THE NUMBER λ: IS COSMIC EXPANSION SLOWING OR SPEEDING?
The universe may
Be as large as they say.
But it wouldn’t be missed
If it didn’t exist.
Piet Hein
SEEING BACK INTO THE PAST
Our universe contains more mass in dark matter than in ordinary atoms. But is there enough to provide the full ‘critical density’ – to make Ω exactly equal to unity? The inferred amount within galaxies and clusters of galaxies falls short of this. However, dark matter uniformly spread through the universe would not influence the internal motions within clusters, nor the light-bending due to clusters, which magnifies and distorts the images of very distant galaxies. It would therefore be even more elusive. The extra material would only betray its presence by affecting the overall cosmic expansion. Can we, therefore, discover how the expansion rate is changing?
This is certainly possible in principle. The redshift of a distant object tells us how it was moving when its light set out, as opposed to how it is moving now. By observing the redshifts and distances of a remote population of galaxies (or any other type of object) we can therefore infer the expansion rate at an earlier era. Comparison with the present rate then tells us how much (if at all) the expansion rate has been changing.
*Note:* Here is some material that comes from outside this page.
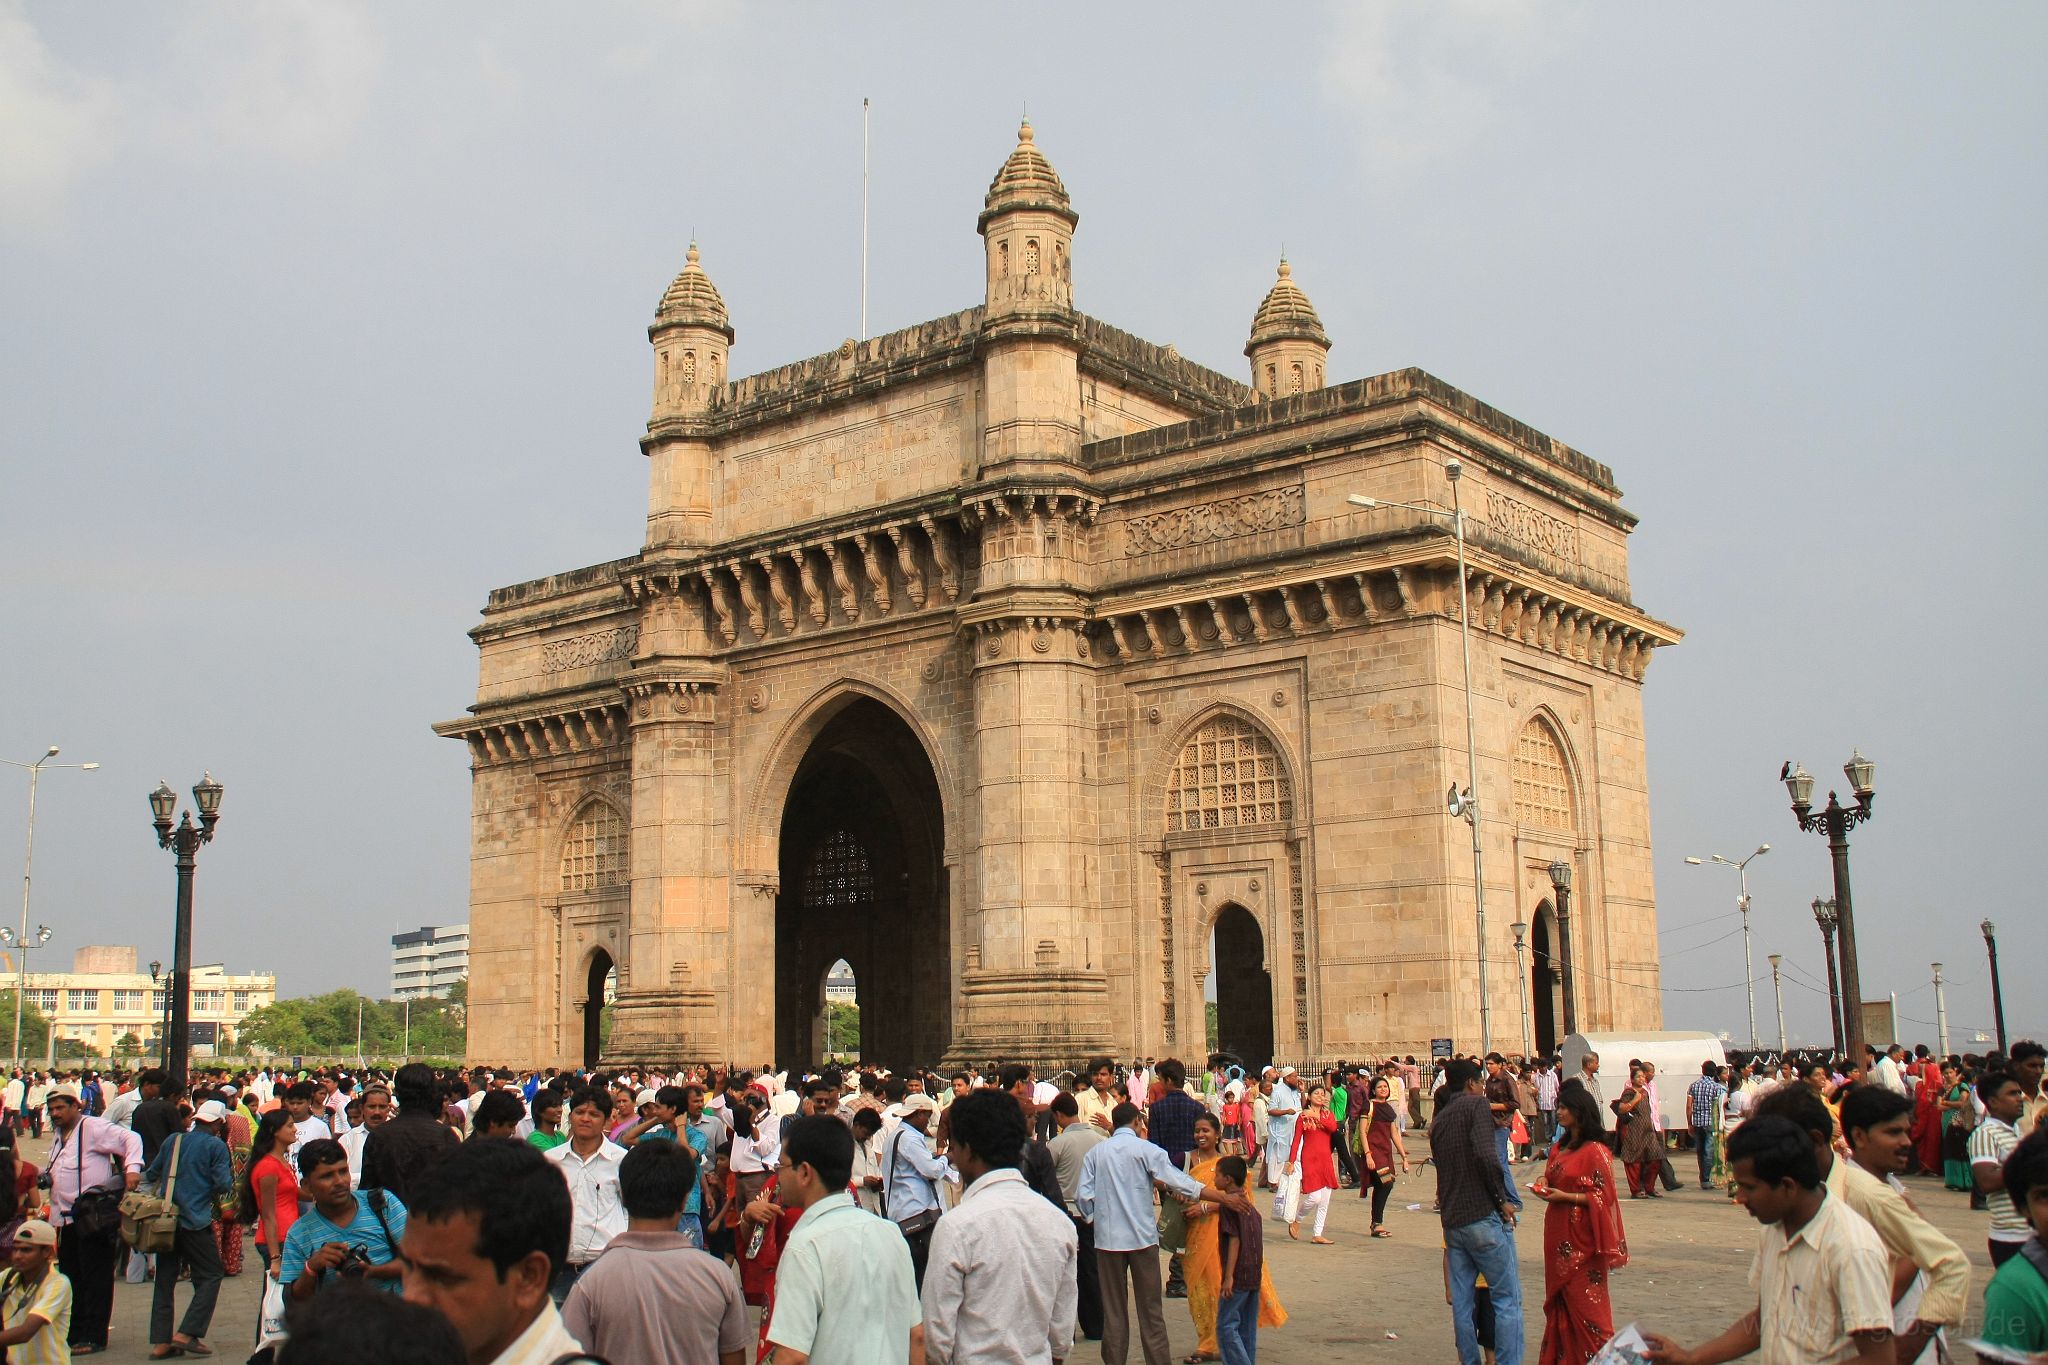 20100921-gatewaytoindia.jpg - Touristen am Gateway to India, Bombay/मुंबई/Mumbaī

Any change in the expansion rate would be so gradual that it would only show up over a ‘baseline’ of several billion years, so there is no hope of detecting it unless we can observe objects several billion light-years away. This isn’t in itself an impediment, because superbly instrumented telescopes with ten-metre mirrors are now probing back to when the universe was no more than a tenth of its present age. More serious is the problem of finding distant objects that are sufficiently standardized, and allowing for the possibility that they look intrinsically different from their nearby counterparts because they are being observed at an earlier stage in their evolution.
The easiest objects to detect at high redshifts are ‘quasars’, the hyperactive centres of galaxies. They are very far from being ‘standard candles’: quasars with similar redshifts (in other words, at similar distances) display a wide range of apparent brightness. Even worse, they are so poorly understood that we do not know how their intrinsic properties might change as the universe gets older.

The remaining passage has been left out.